Sarah earns $50,000 this year. She defers $4,000 into her 401 (k) account.
This means that Sarah will only report $46,000 in income for that year. If Sarah is in the 25% tax bracket and there are no other adjustments, this means that by deferring, Sarah avoids paying $1,000 in taxes. ($4,000 x 0.25 = $1,000)
When Sarah eventually withdraws money from her 401 (k) account, she will pay tax on the withdrawn money.
After-tax contributions to a non-Roth 401 (k) account
If an employee makes after-tax contributions to a non-Roth 401 (k) account, that money is commingled with the pre-tax contributions and add to the non-Roth 401 (k) basis.

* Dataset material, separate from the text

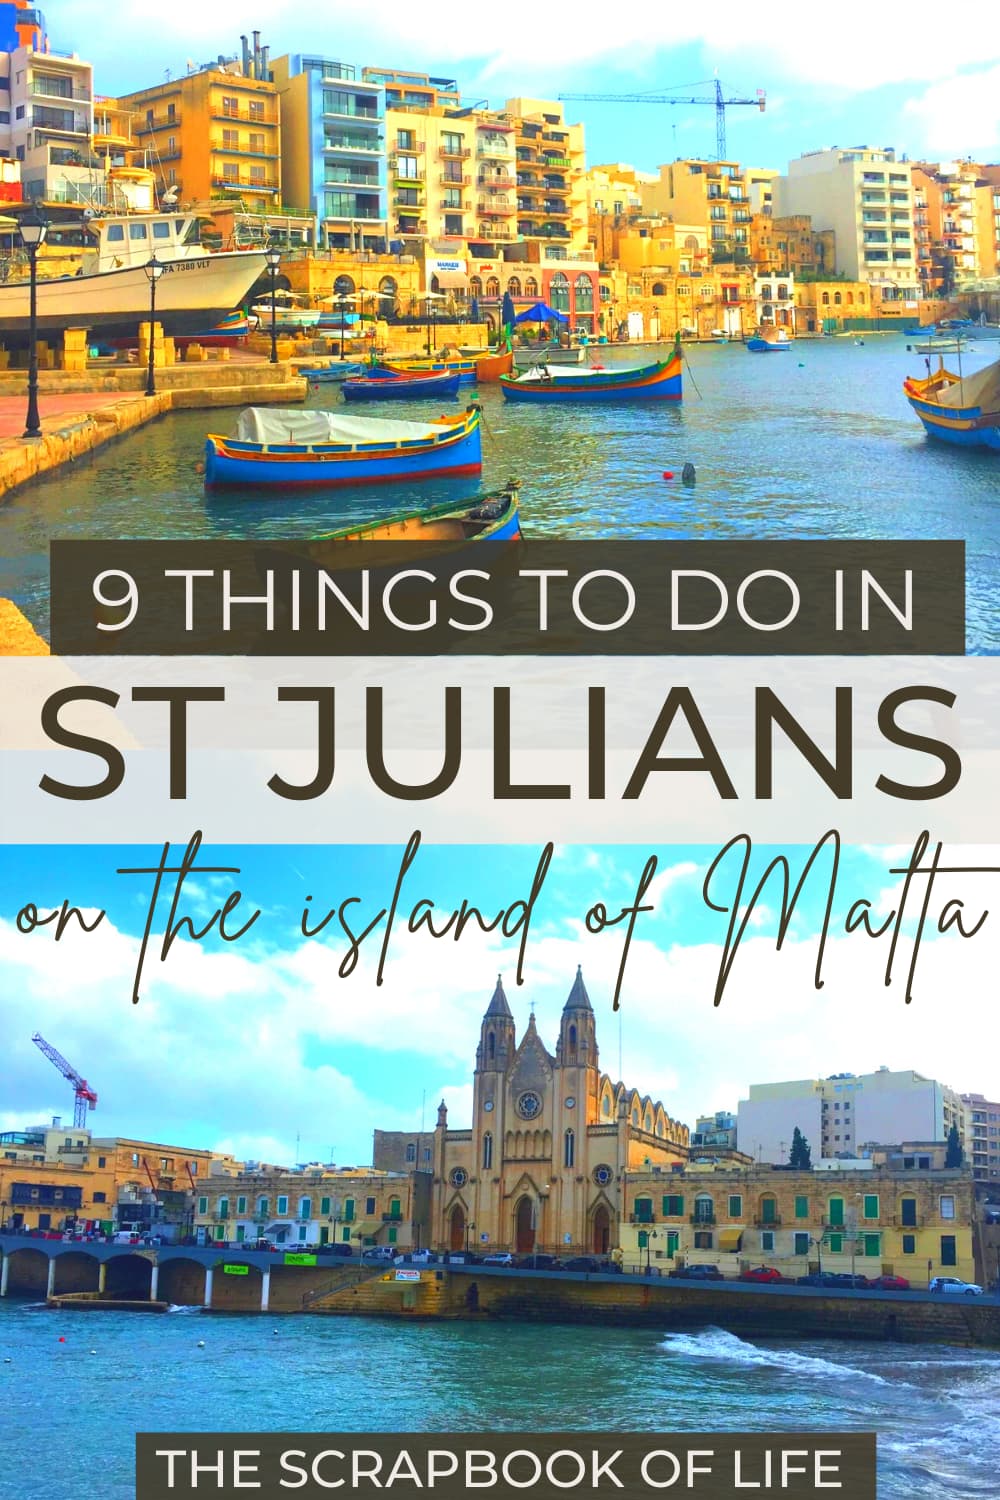 Things to do in St Julians, Malta

How to calculate the taxable portion of the distribution when distributions are made? It will be calculated as the ratio of the non-Roth contributions to the total 401 (k) basis. The rest of the distribution is tax-free and not included in the individual’s gross income for that year.
After-tax contributions to a Roth 401 (k) account
For accumulated after-tax contributions and earnings in a designated Roth 401 (k) account, certain distributions can be made tax-free if certain requirements are met.
- Distributions must be made more than 5 years after the first designated Roth contribution.
- Distributions must not be made before the year in which the owner of the Roth 401 (k) account turns 59 ½.
- N.B! Exceptions to the general requirements are found in IRS code section 72 (t).
You might have heard about the upper income limit cap for Roth IRAs, but for Roth 401 (k) contributions there is no such cap. This means that if you aren’t allowed to have a Roth IRA you can contribute to your Roth 401 (k) instead.